§ **Task statement**
This exercise calls for an exact copy of the listing, with no pictures kept.

Exercise data below:

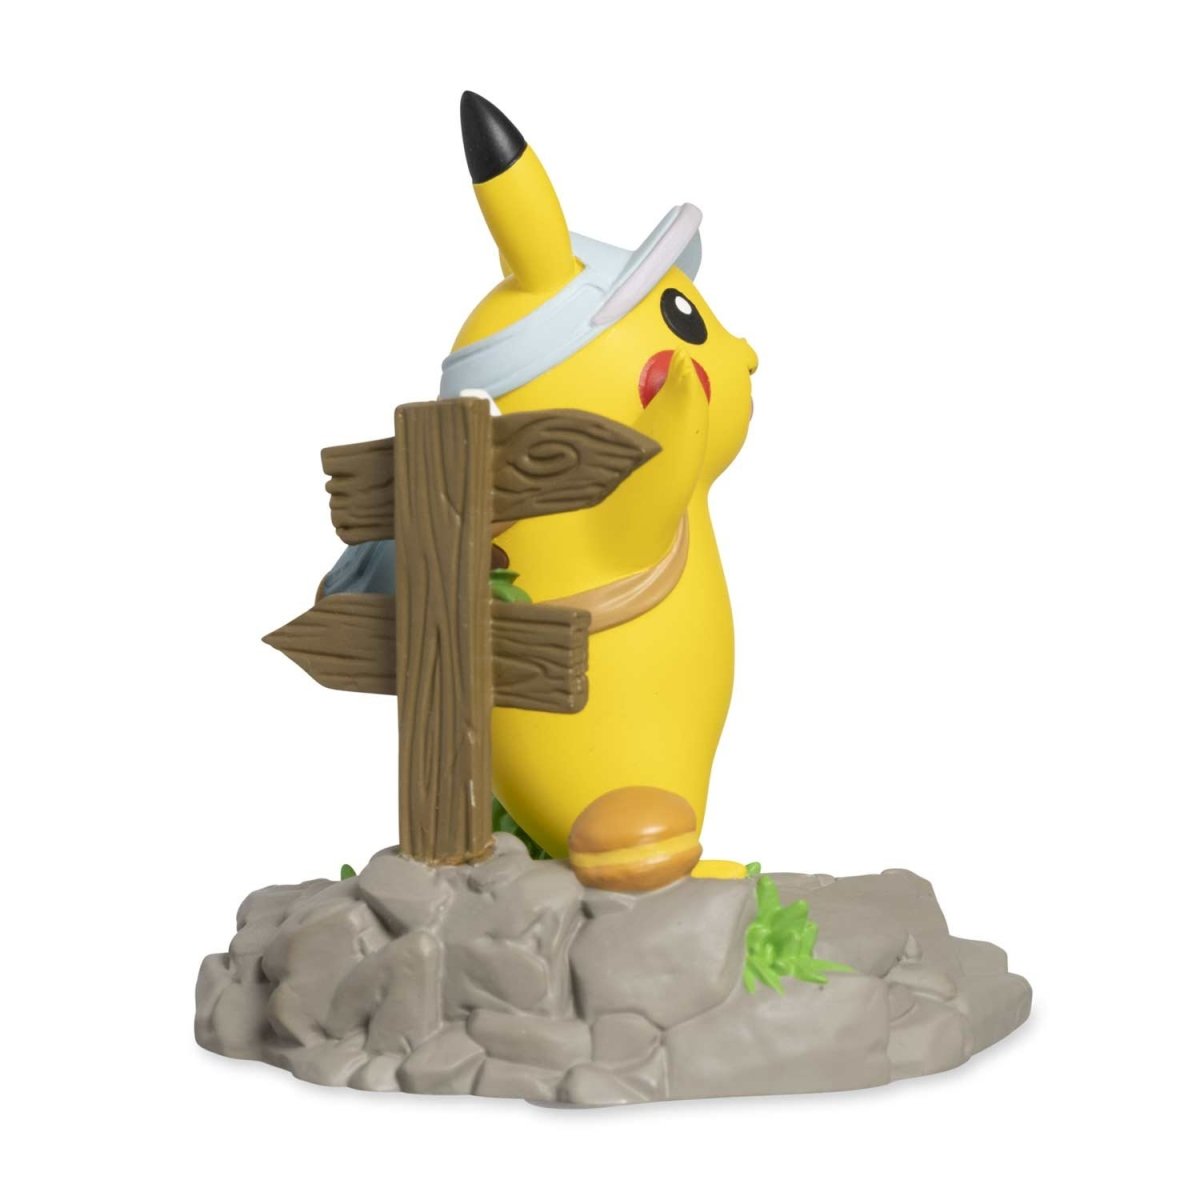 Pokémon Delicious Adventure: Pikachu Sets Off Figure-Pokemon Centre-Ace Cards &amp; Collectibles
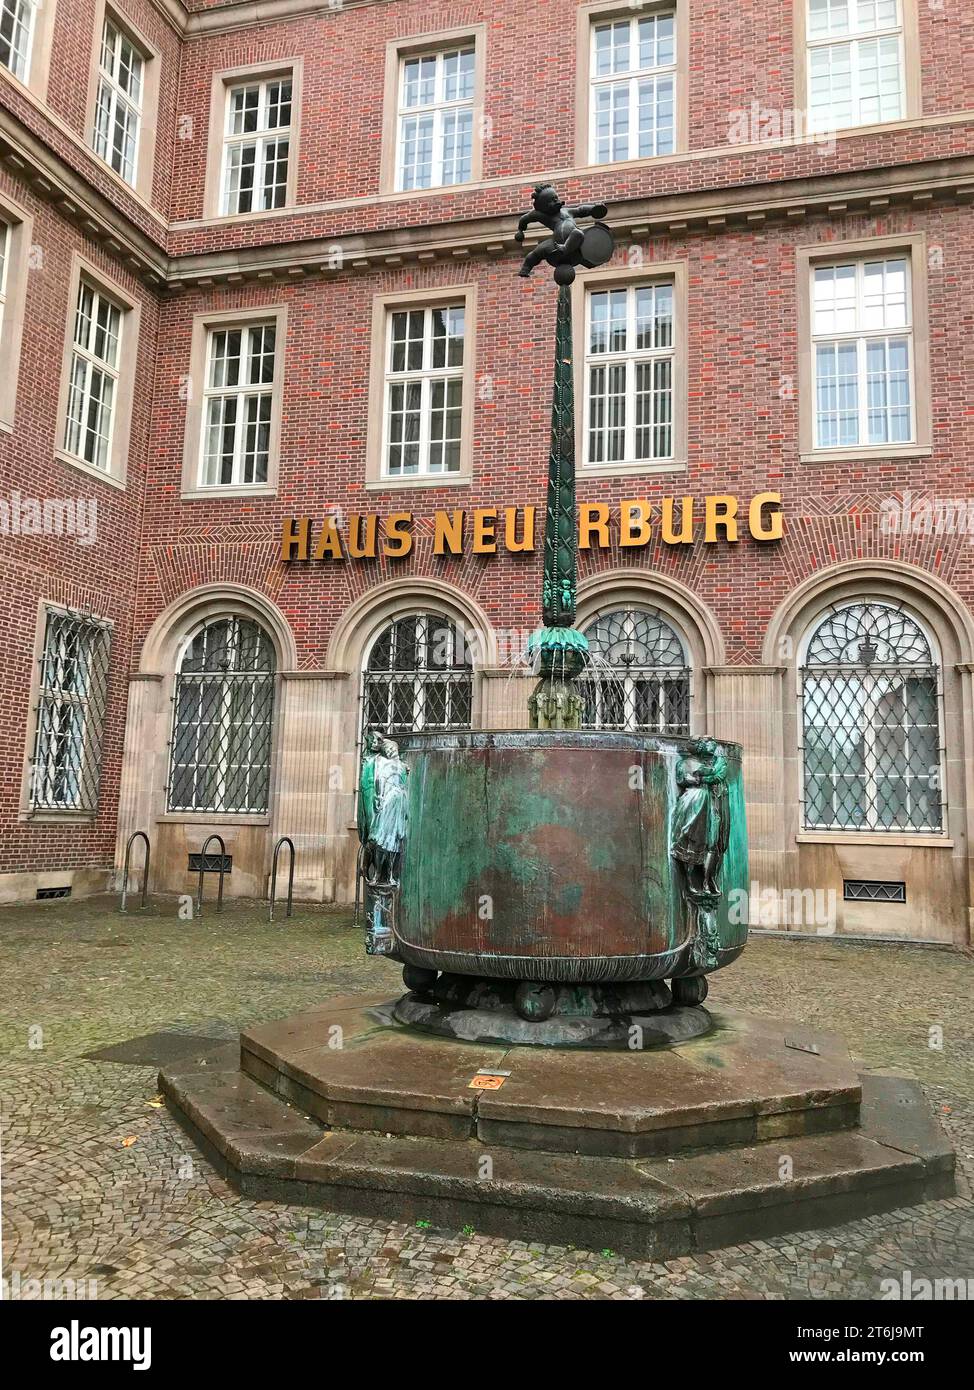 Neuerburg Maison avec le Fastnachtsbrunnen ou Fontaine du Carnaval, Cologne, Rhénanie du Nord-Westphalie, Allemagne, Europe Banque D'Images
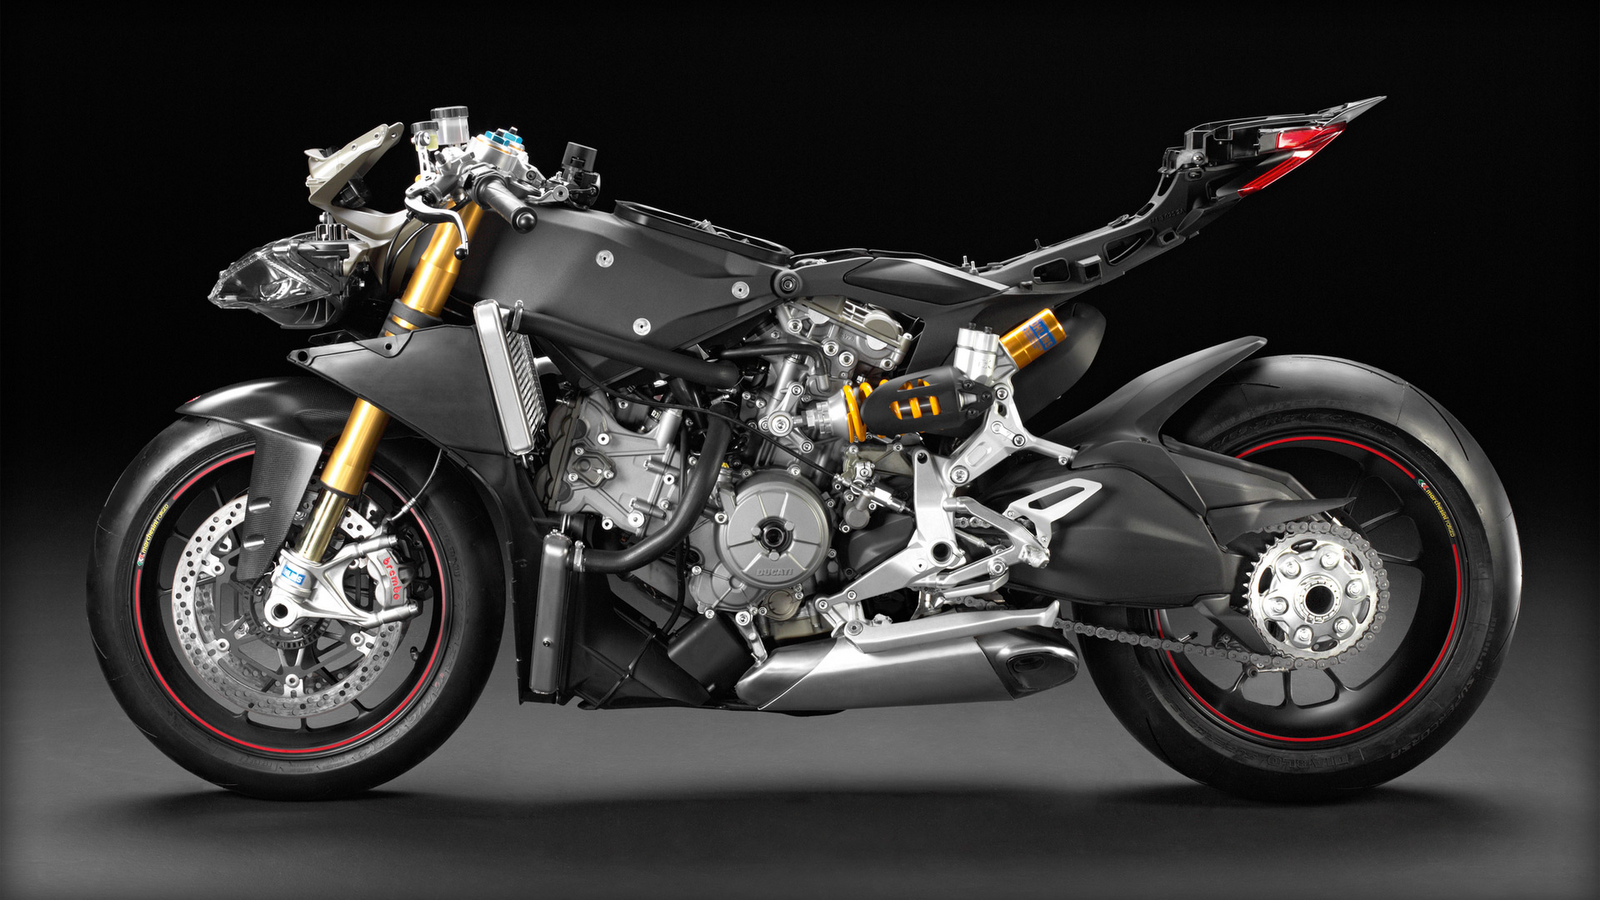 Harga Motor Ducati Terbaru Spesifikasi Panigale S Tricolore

End of Exercise data.

§ **Exercise solution**
 Pokémon Delicious Adventure: Pikachu Sets Off Figure-Pokemon Centre-Ace Cards &amp; Collectibles
 Neuerburg Maison avec le Fastnachtsbrunnen ou Fontaine du Carnaval, Cologne, Rhénanie du Nord-Westphalie, Allemagne, Europe Banque D'Images
 Harga Motor Ducati Terbaru Spesifikasi Panigale S Tricolore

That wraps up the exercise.